Attached to this post are pics of the Alkcalc results for your water, with a comparison of the different acid types and the amounts required calculated and the corresponding nutrient ppm added by the three acid types(phos, sulfuric, nitric).

The JR Peters hydroponic special has more than enough nitrogen in it, so that is why they generally recommend sulfuric acid. As Coir has said it is cheap, easy to obtain, and effective. Battery acid is around 35% sulfuric acid, and is relatively safe to handle, the nitric has to be diluted to about 15% before it is as relatively safe to handle.

The electrolyte grade(virgin battery acid) is more than pure enough. It is the most used pH reducer in horticulture including food crops. What you want to avoid is the stuff the sell commonly as drain opener.

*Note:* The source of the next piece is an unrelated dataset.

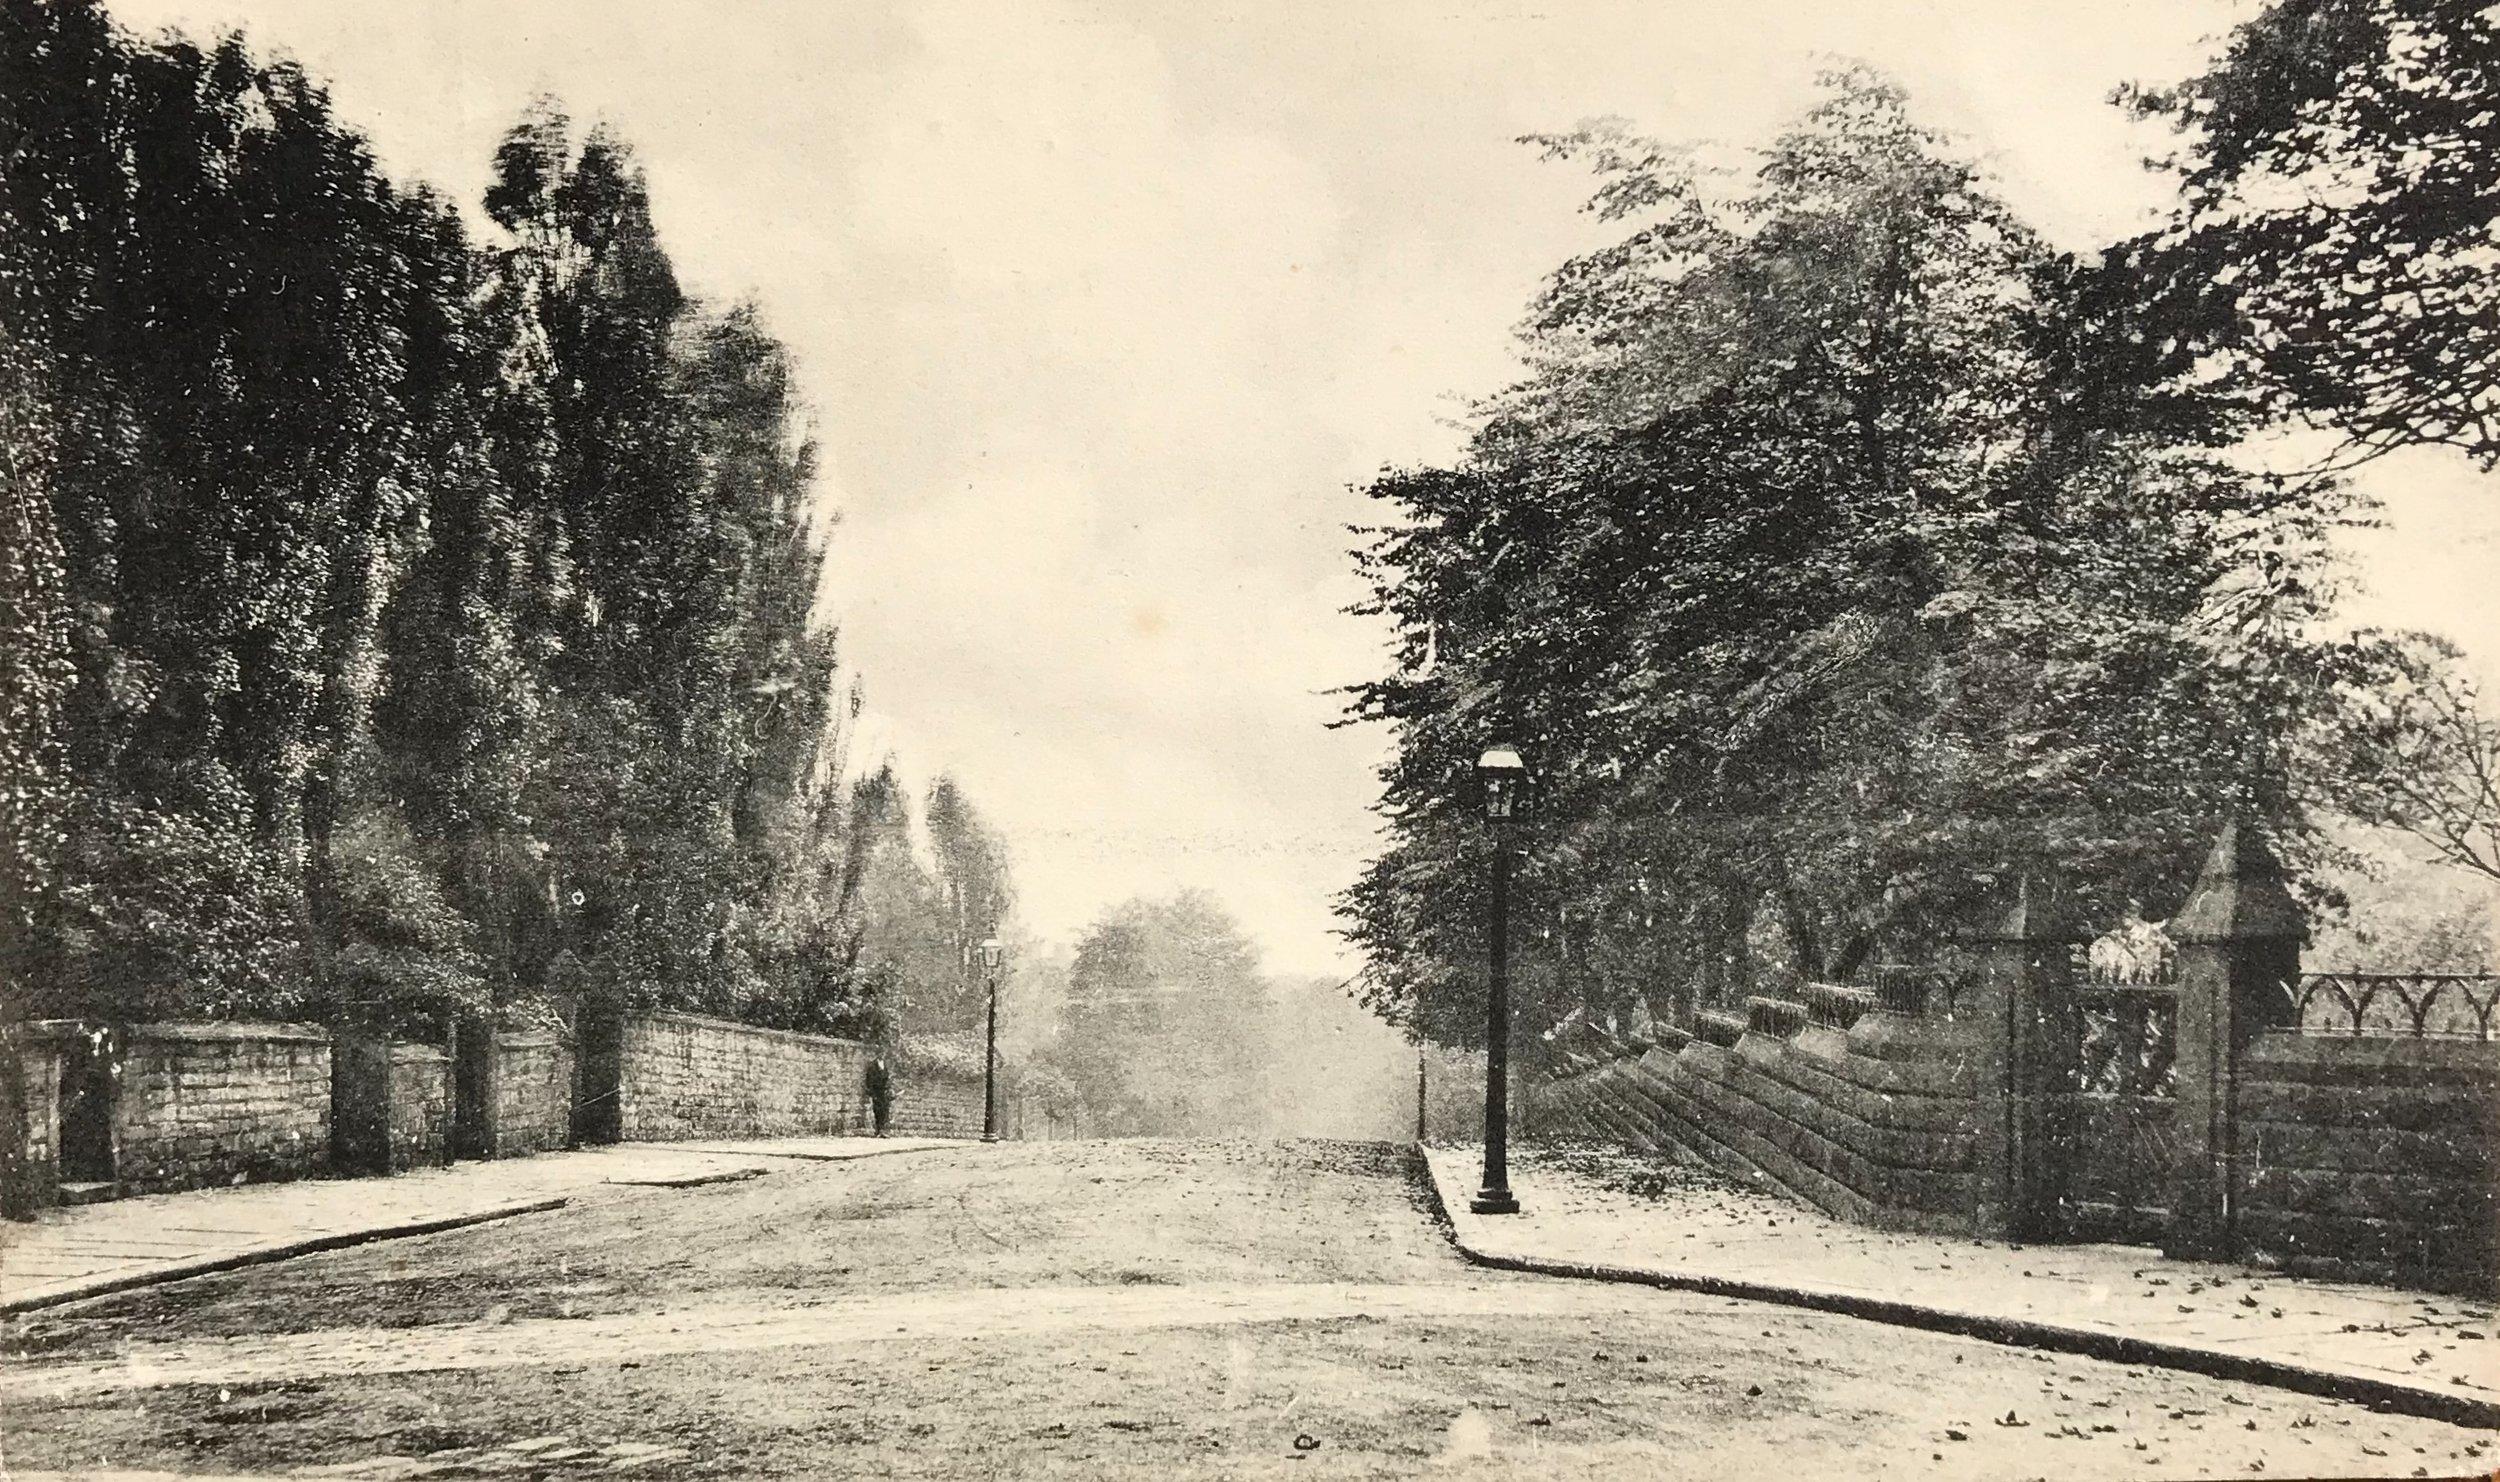 Bainbrigge Road, from Headingley Lane

It is industrial grade, and generally not virgin.

My water has about 180 ppm CaCO3 equivelant and a pH of 7.9. I use sulfuric acid primarily.

Coir said:
One thing to remember is that you will need a lot more of it than Nitric and you will be adding similar amounts of sulfur to your feed just like you were adding phosphorus before which may or may not cause you more issues.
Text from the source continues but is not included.